Before buying a horse, you must consider…

The first moment that you lay eyes on the prospective new addition in your life, a new horse, try to watch and notice everything about this animal. First impressions are not always the best. Looking deeper into your hopefully new friend with a fine tooth comb is in your best interest. Take notice upon approaching each horse. Does the animal move away from you or toward you. Does the horse turn their rump toward you? Does the horses eyes widen or look frightened or are they just friendly?
Stand in front of the horse and take notice to the following:
• Look at the nostrils to see if the horse is breathing normally and the nostrils are not flaring.
• Check eyes for correct movement or cloudiness or spots on the eyes.
• Check for symmetry of both sides of face in case of paralyses.
• Check shoulders for evenness. Look for bulging areas.
• Check front legs for correctness, if legs bow out or bow in.
• Check for splints (below the knees) on the inside or outside of the leg (cannon bone).
• Check to make sure tendons (behind the cannon bone underneath the back of the knee) is straight up and down and does not have any bulges.
• Feel legs gently for bulges and run hands over ankles for large hard areas or heat.
• Check for evenness of feet.
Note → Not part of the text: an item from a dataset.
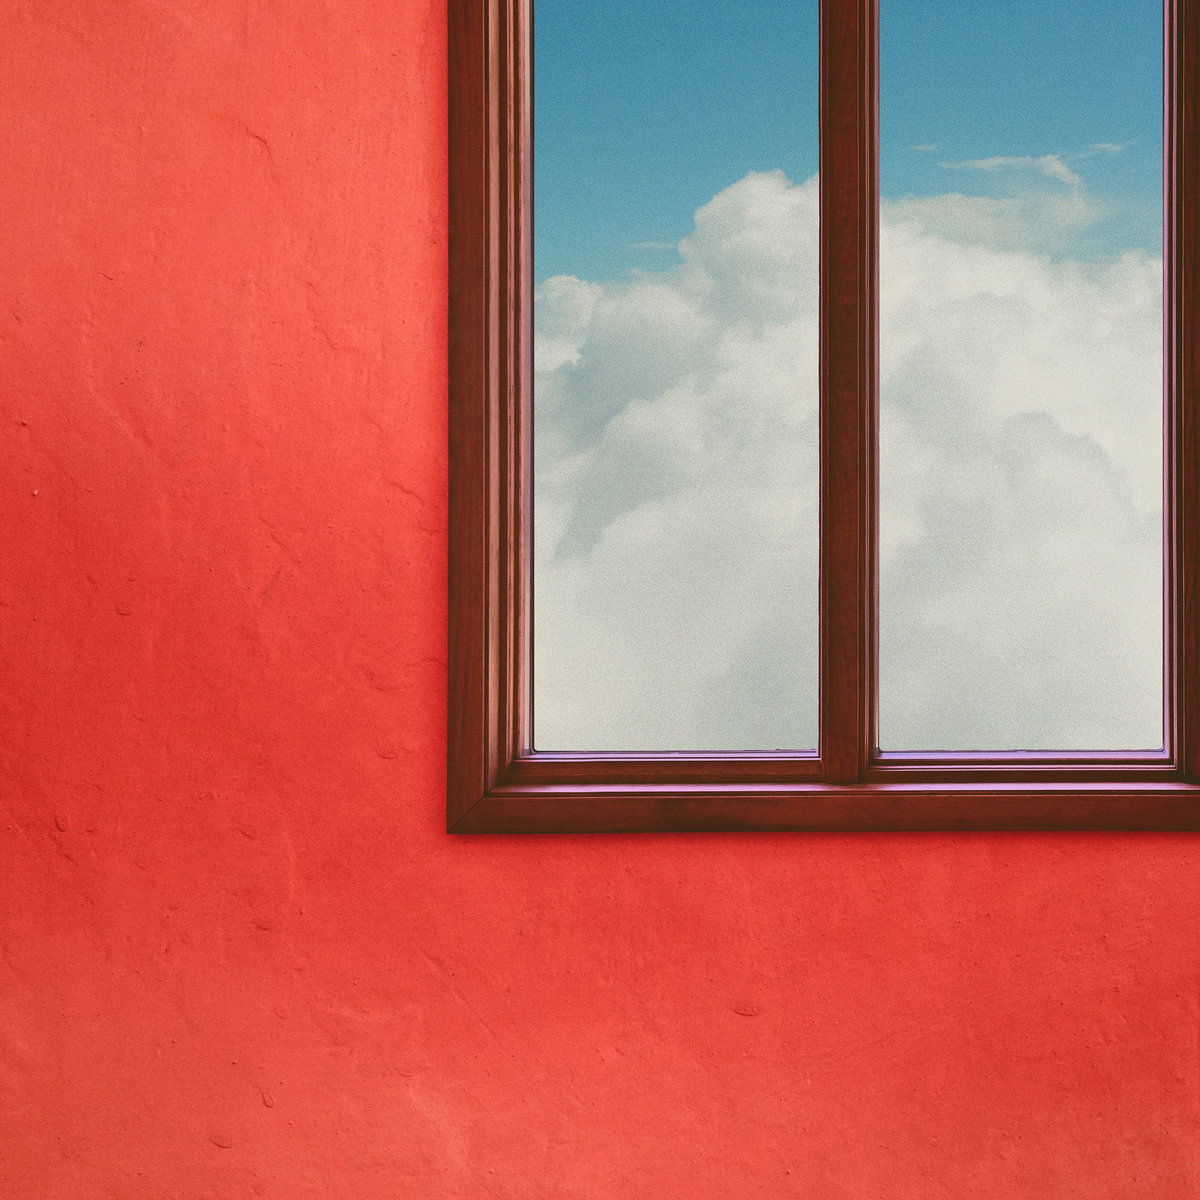 Clouds and a Blue Sky Seen Through A Window On A Red-Orange Wall

Pick up feet and check for bruising or fowl smell or very black color around frog (v-shaped soft area on bottom of foot).
• Stand on the side of the horse. You are looking for balance between the neck area, shoulder area, back and rump.
• Notice whether the horses legs seem to be underneath of the them as opposed to the legs too far forward or too far back.
• Walk a safe distance behind the horse noticing the hips are level, whether the hocks are too close together or too far apart. If you are in a situation where the horse is in a stall, make sure you watch the horse walk out of the stall and notice whether the animal is free moving, walks a little stiff, caries head to one side or the other, how quiet the individual walks and stands, etc.
Never be afraid to ask questions. Resistance to answers should be a red flag. Owners that know and care about there horses are usually eager to give you information. Knowing the parts of a horse is of great importance in your search in finding the right horse for you. This is one of the many areas we will be discussing in the future. Hopefully these few tips will help you in your quest of finding a wonderful, healthy horse.